The whole point of this is to get to where I could actually talk to a human about a position, right? But they’ve outsourced their recruiting to some kind of recruiting service, it appears. So the person I’m trying to convince that I should be allowed to talk to a human has only a cursory business relationship with the person that knows something about the job they need done. Finally, the very last question asked me to enter my college GPA. Holy crap, how long has it been since I was asked for, or thought about, my college cumulative GPA? It could be twenty years. I certainly don’t remember exactly what it was. I’m not even sure I still have a transcript, at least not that I could find easily. I guess I should see if I can dig one up in case this comes up again. I’m still scratching my head a bit. I picked a number; it’s in the right ballpark at least.

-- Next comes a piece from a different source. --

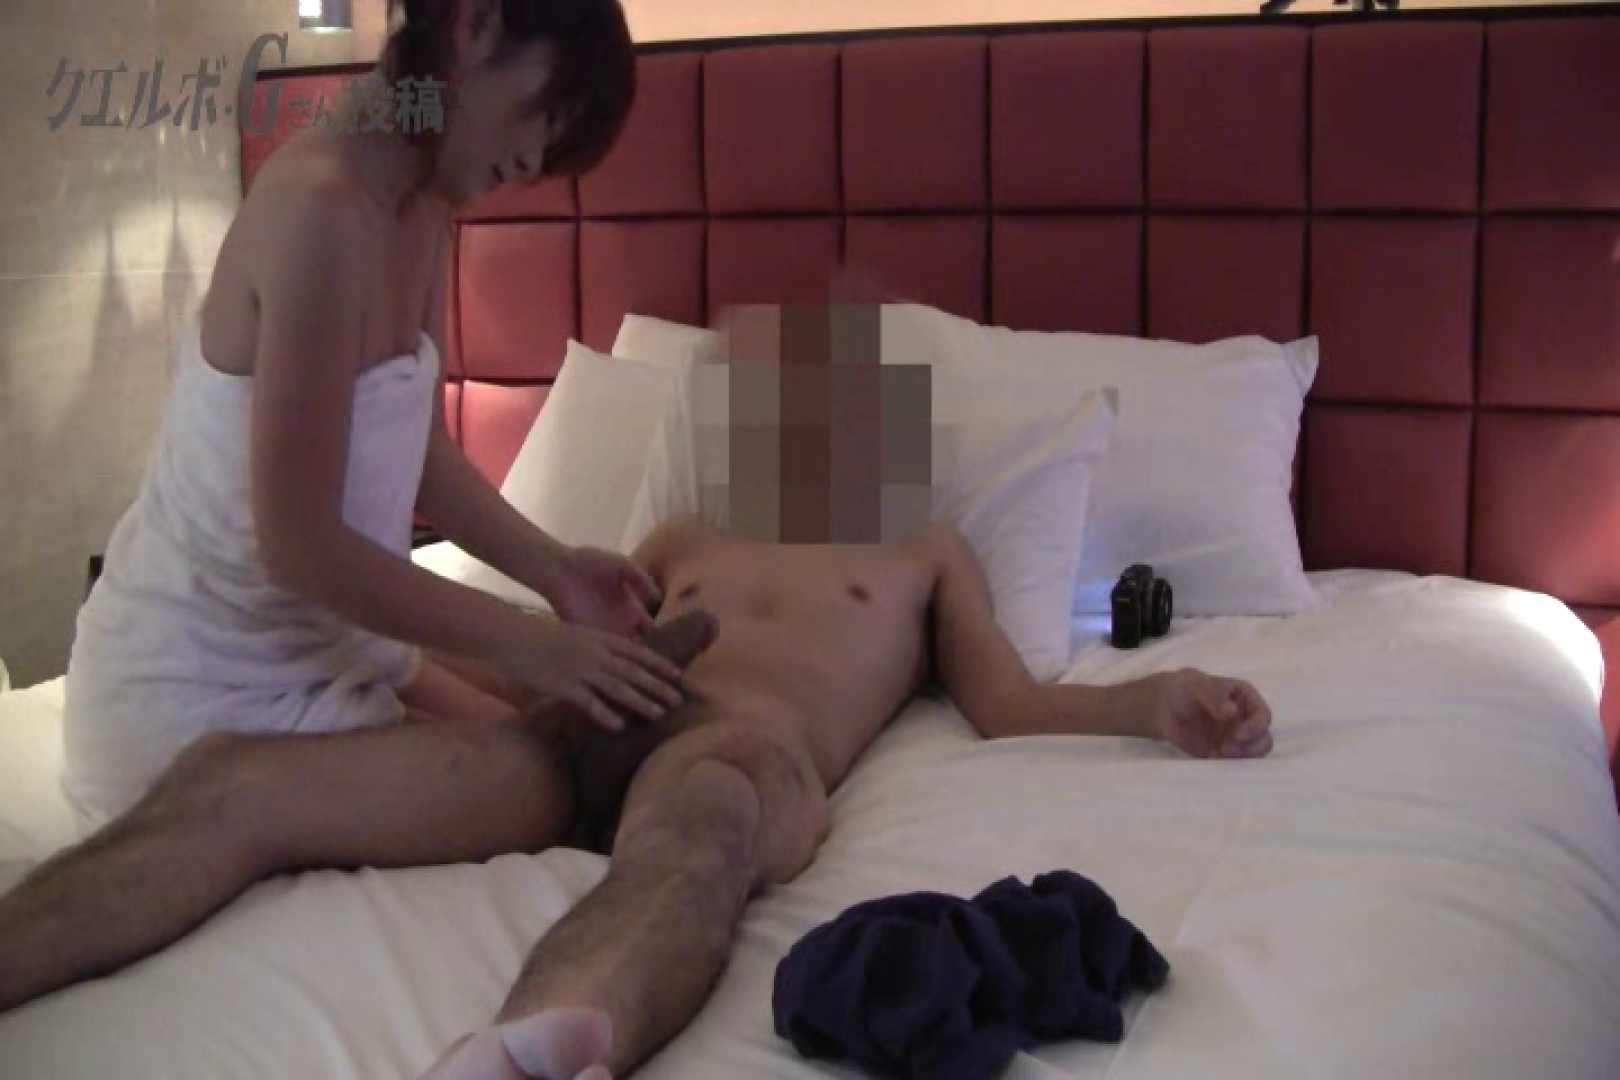 クエルボ・Gさん投稿 30歳人妻さんとの×××vol.4 一般投稿 ワレメ無修正動画無料 77pic 9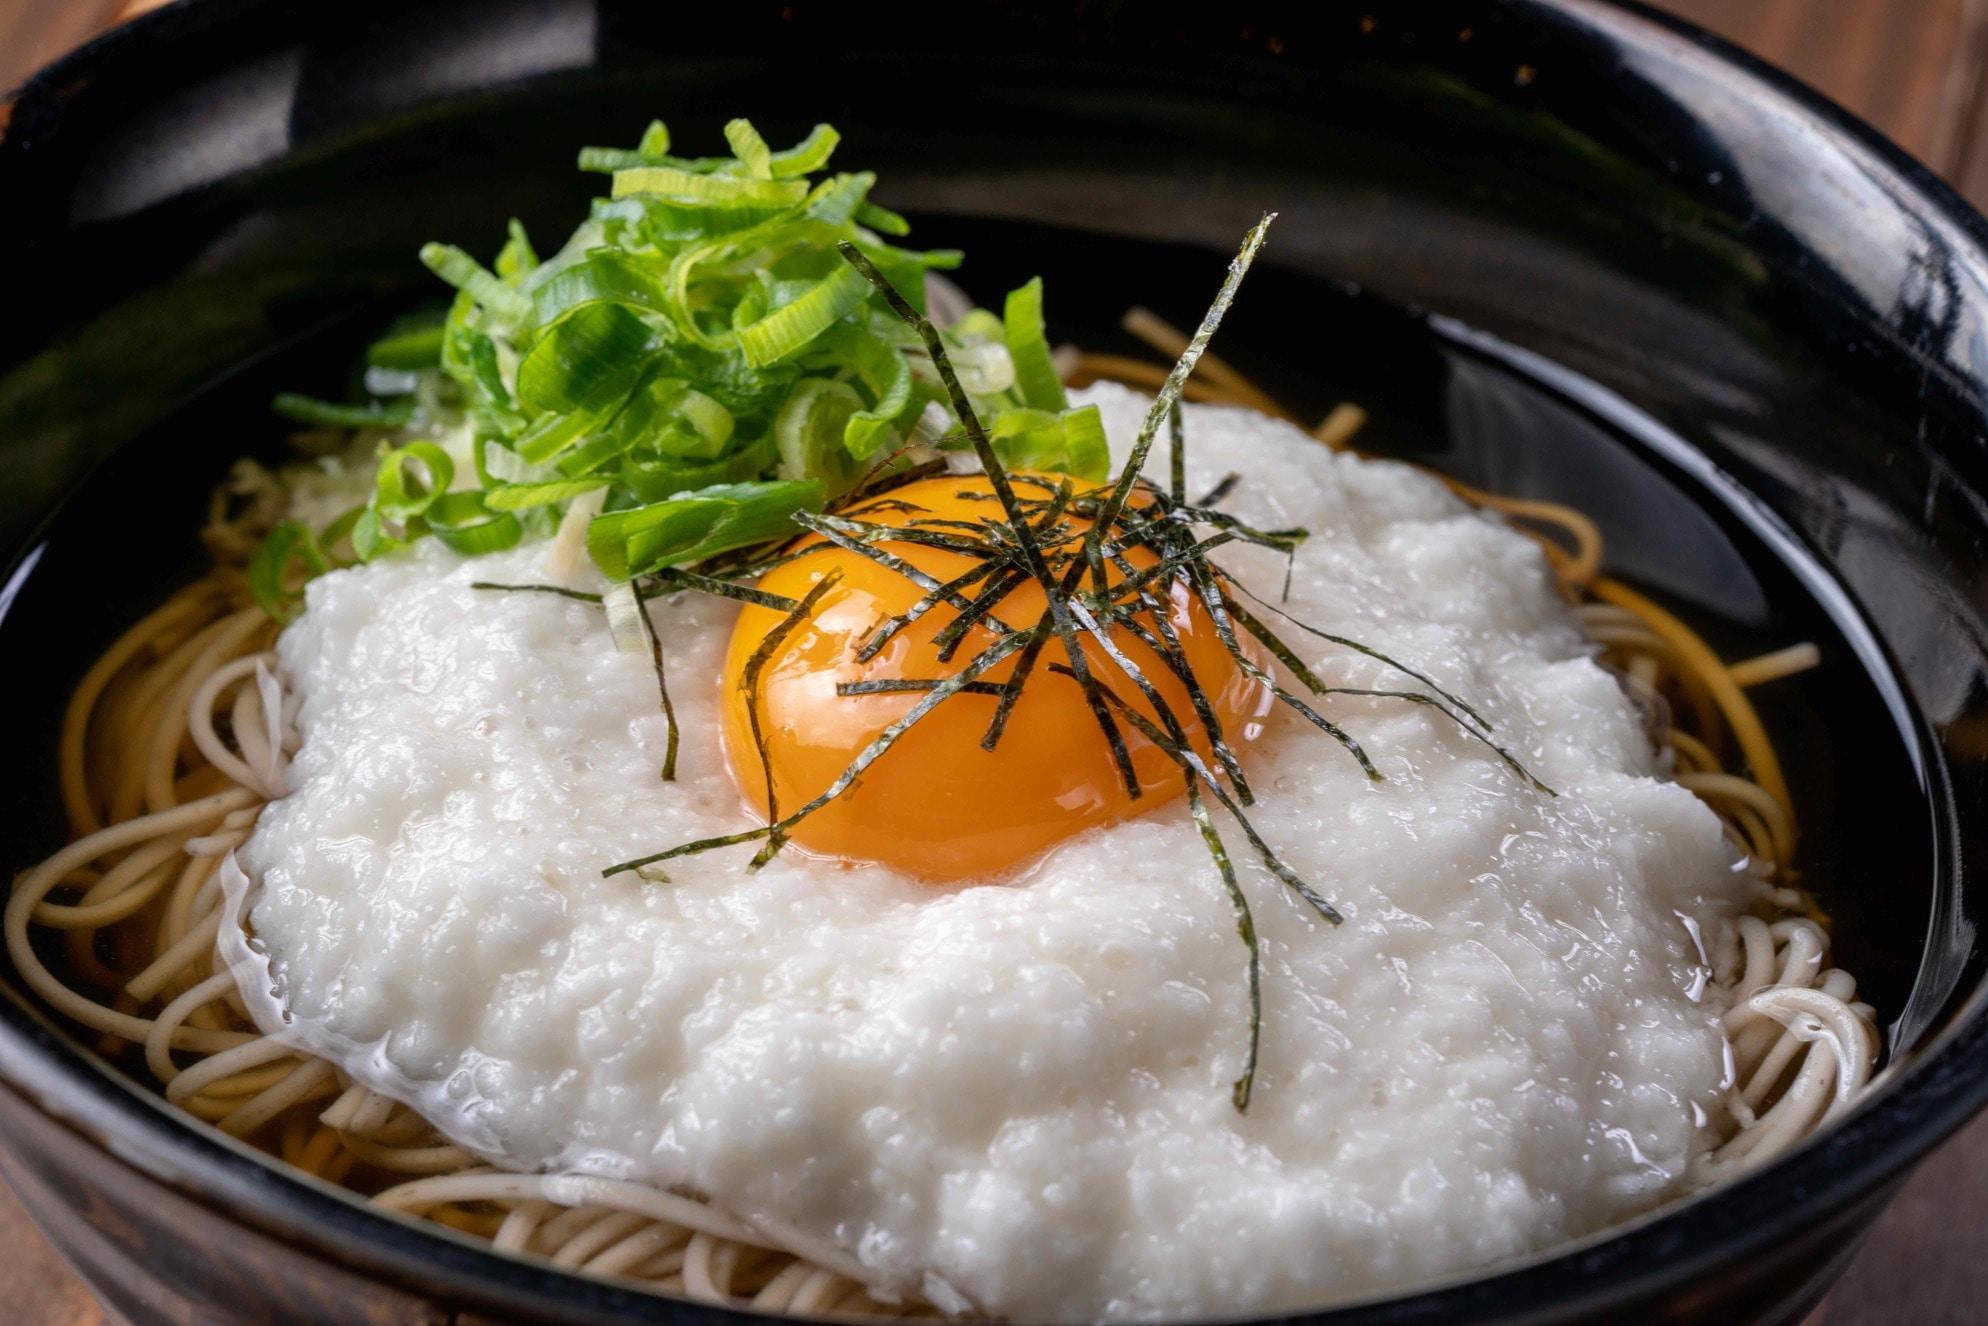 とろろ月見蕎麦,北海道むかわ町中澤農園のだるまいものトロロをそばにかける

Anyway. That was yesterday. Today (Friday) I was down in Lansing to return some equipment and pick up my final paycheck. That actually went fine. I had wondered if they would pay me for the 21 days of vacation time I didn’t get to take. They actually paid me for part of it, using some kind of formula based on how much of the year, calculated from the anniversary of my start date, I worked, along with how many days I had left and how many I took (3, all for sick-kid days). So I got some extra money in my last paycheck. That helps lower my stress level a little bit – we will be able to pay our bills a little longer.

I got some more information on COBRA. It’s both encouraging and discouraging. Encouraging, because I can still have a grace period before I have to pay the fees, and we should be covered with no break. But discouraging because, and this is news to me, apparently my employer could unilaterally cancel the whole health plan, even if I want to continue paying for it via COBRA. I thought the whole point of COBRA was to give people a guaranteed grace period where they are allowed to continue their insurance – at least, assuming they can pay the full price for it. That’s apparently not guaranteed, so we really need to get onto a new insurance plan soon.

I also had a brief chat with the VP that helped interview and hire me originally. He reiterated that I had made some major contributions to one of the company’s big projects – what became the Rockwell-Collins iForce system. It was nice to hear that he recognized what I did there. We talked about what the experience of working from home was like. He told me that he had no complaints about that, and he knew I had been quick to respond to urgent bug reports and change requests that popped up over the last couple of years. I told him that I would happily work for them again if something came up and they wanted me, either as an employee again or possibly via some other arrangement. I don’t actually expect to hear from them any time soon, of course, but we shook hands and said goodbye on a positive note.

Grace and I recorded a multi-part chat in the car. I’ll be turning that into a podcast episode next week. Meanwhile, I think I will be slowing down on these “situation updates” for now, to focus more time on the job search and skills-building, at least until such time as I have something interesting to report. To the people who have been following along while I spill out my nervous thoughts, thank you so much for your support!